The climax of the racism is a flashback to the events of Tulsa Race Massacre [wikipedia.org]. An event that I first remember hearing about a few years ago. I don’t remember being taught about it in high school, not in American History class or even in Ms. Reynolds African American Studies class. Maybe my memory fails me or maybe it says something about American racism that the trauma of an event like that is not a shared public memory, like Pearl Harbor or 9/11 or Kent State.

Another aside: this is the second work I’ve come across this year that includes reference to the Tulsa Race Massacre as a key background event for the characters. The other being HBO’s Watchmen series. So maybe in the future what happened in Tulsa will be part of the collective American psyche.

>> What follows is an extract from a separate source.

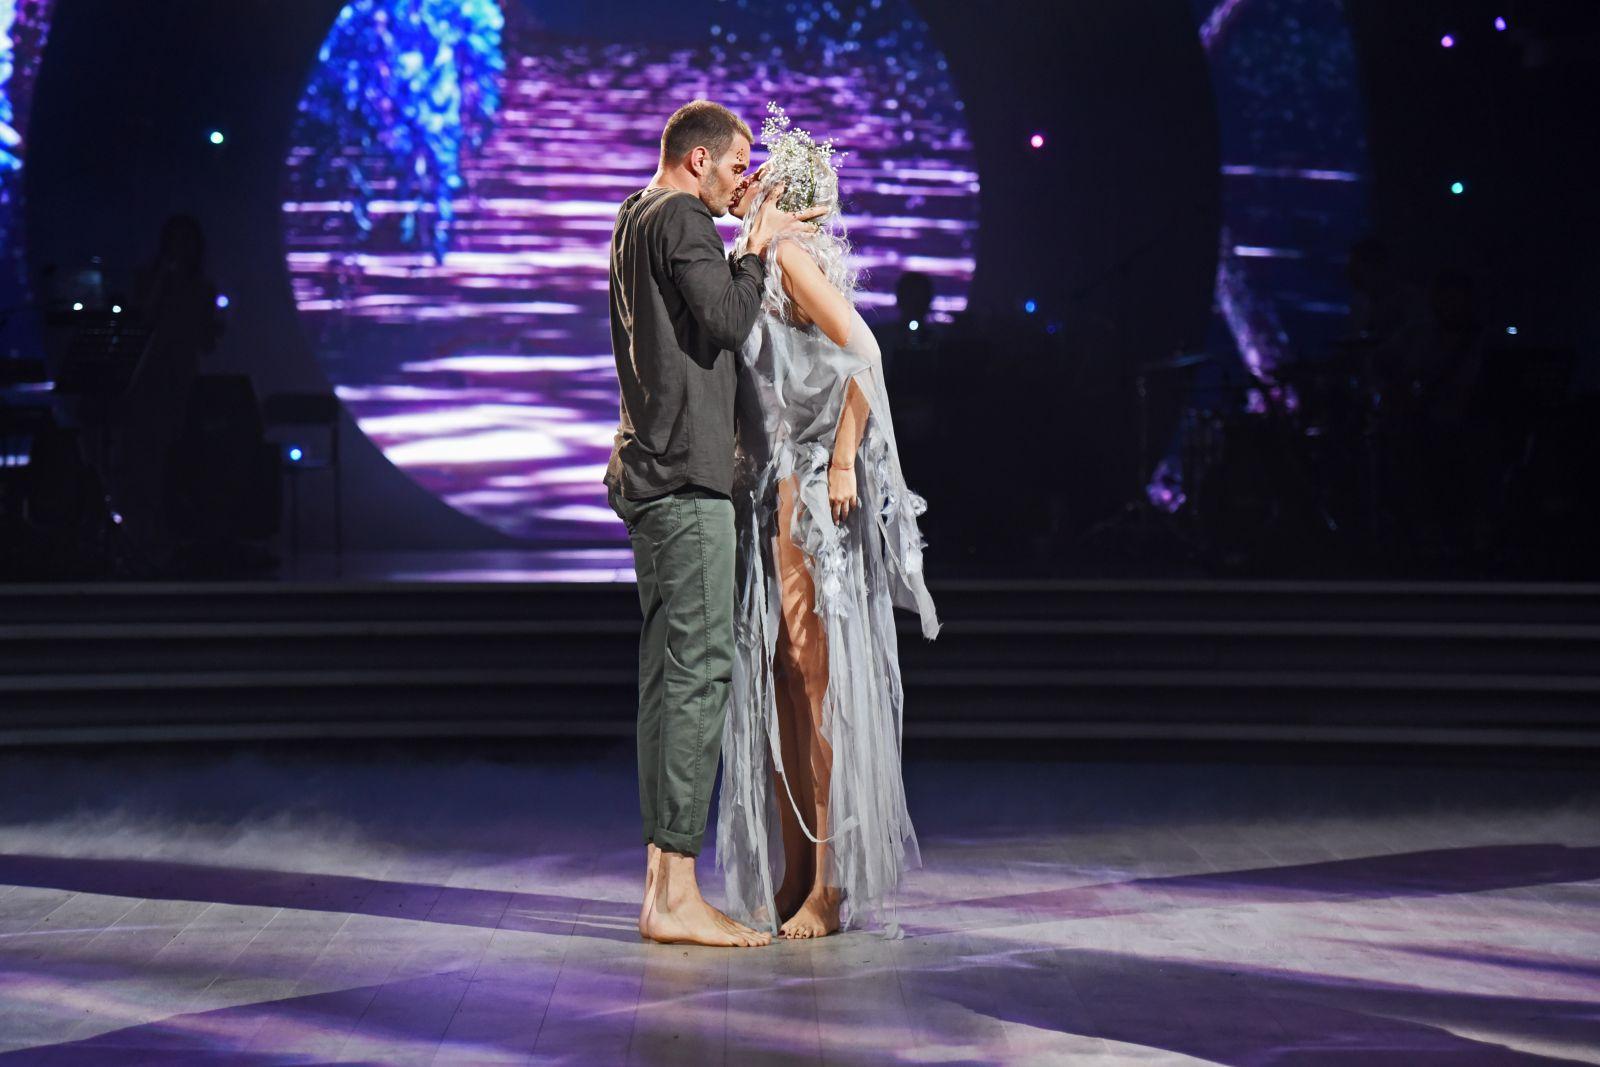 Оля Полякова об уходе из Танців з зірками: Надеюсь, без меня это шоу не станет скучным

I won’t spoil the Lovecraftian aspects of the stories, only note that there is a lack of cyclopean masonry and eldritch horrors. Lovecraft Country is more the The Colour out of Space and The Case of Charles Dexter Ward than The Call of Cthulhu or The Shadow over Innsmouth. But the real horror remains the ever present racism.

I really enjoyed Lovecraft Country, I will read it again, and I hope the upcoming HBO series is as good. I would put Lovecraft Country up there with To Kill a Mockingbird and Invisible Man [confusion.cc] in giving me some vague understanding of how racism affects people through literature.